For comparison OpenVPN doesn't use the ip rule infrastructure, instead it installs two rules directly on your routing table, but not for 0.0.0.0/0. Instead it installs rules for 0.0.0.0/1 and 128.0.0.0/1, creating a rule that has slightly higher priority than the default route so it can leave the default in place and not get burned with NetworkManager decides to delete and re-add the default route for whatever reason.

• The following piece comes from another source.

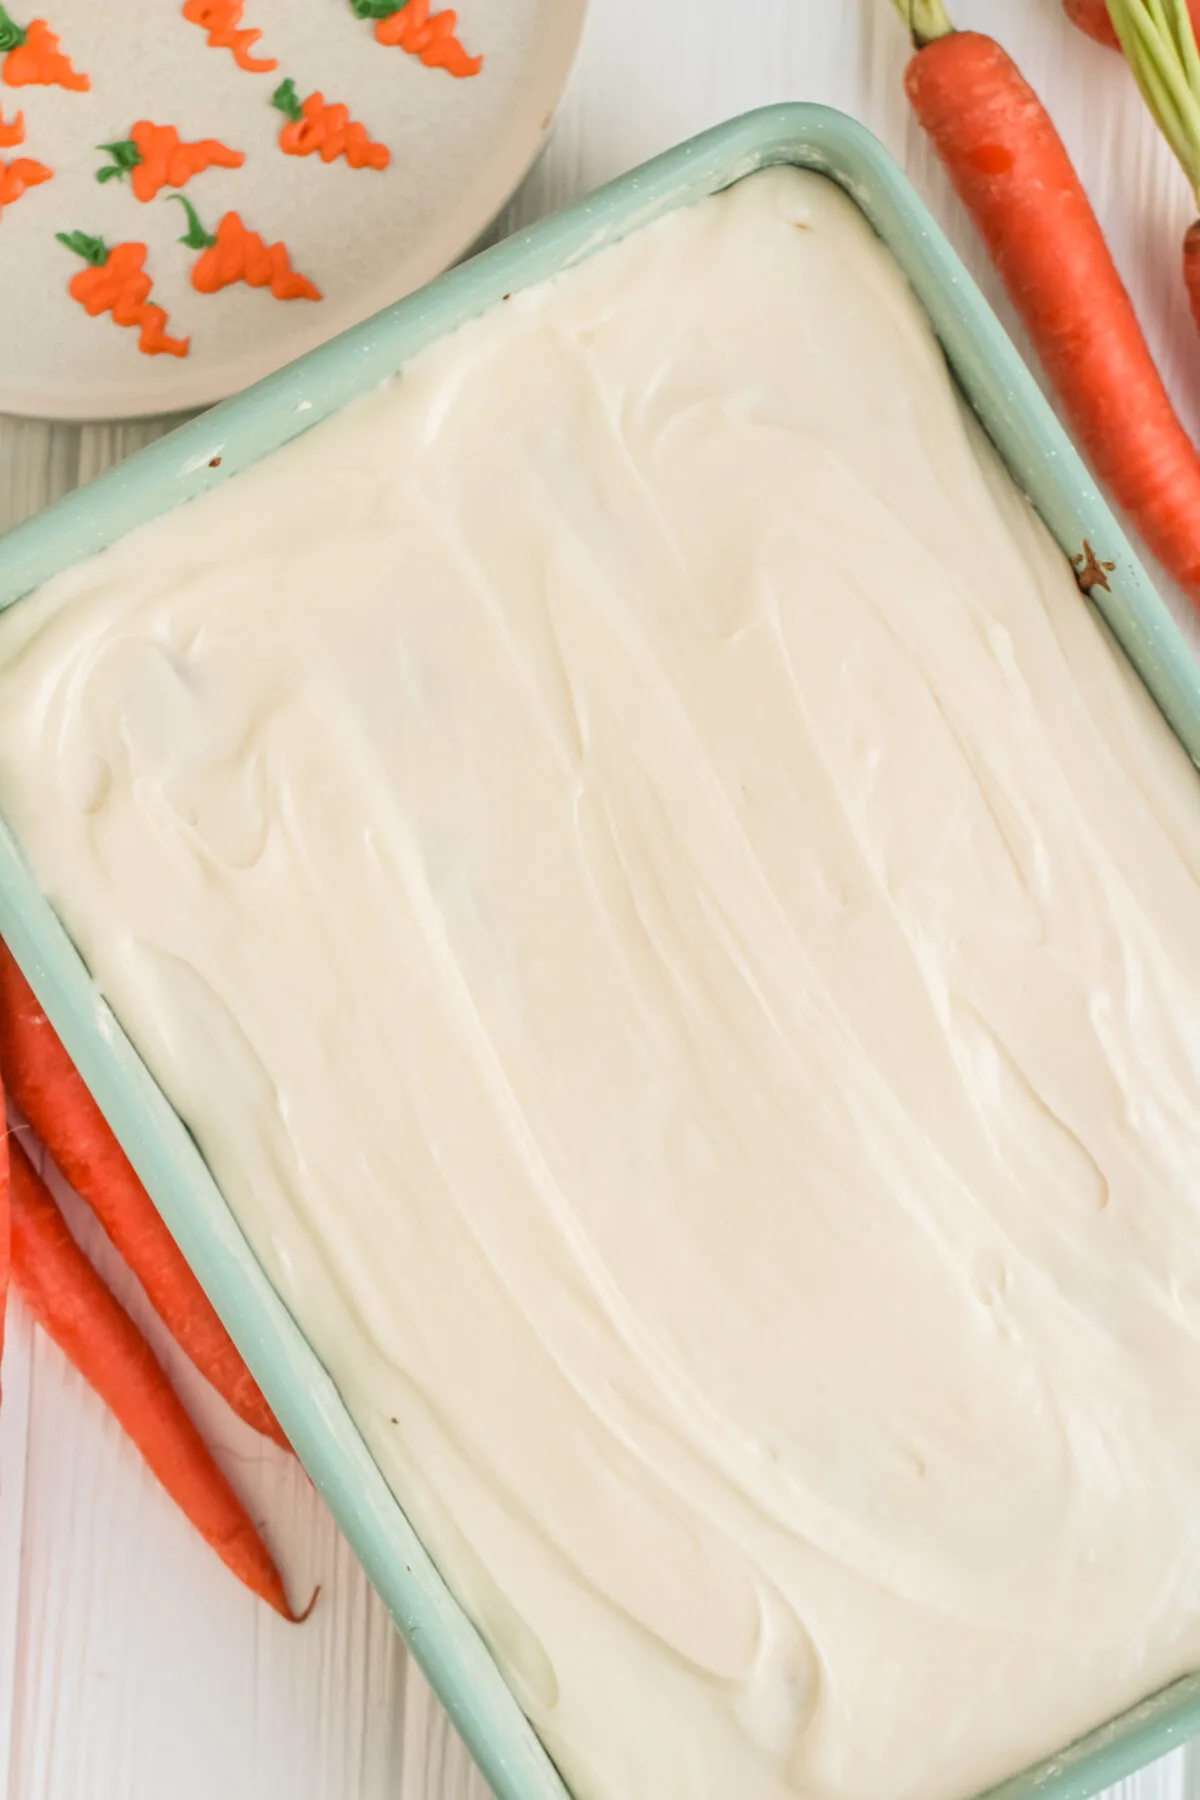 cream cheese frosting spread out over carrot cake.

Not having the routes cleaned up after the VPN exits is usually not the problem, as they are tied to the TUN interface and get cleaned up by the kernel when that interface is destroyed anyway. The bigger issue is clients that forget to install the host route to the VPN endpoint. I see that error a lot and it always drives people crazy because their VPN client negotiates and connects properly, and then everything breaks for no obvious reason.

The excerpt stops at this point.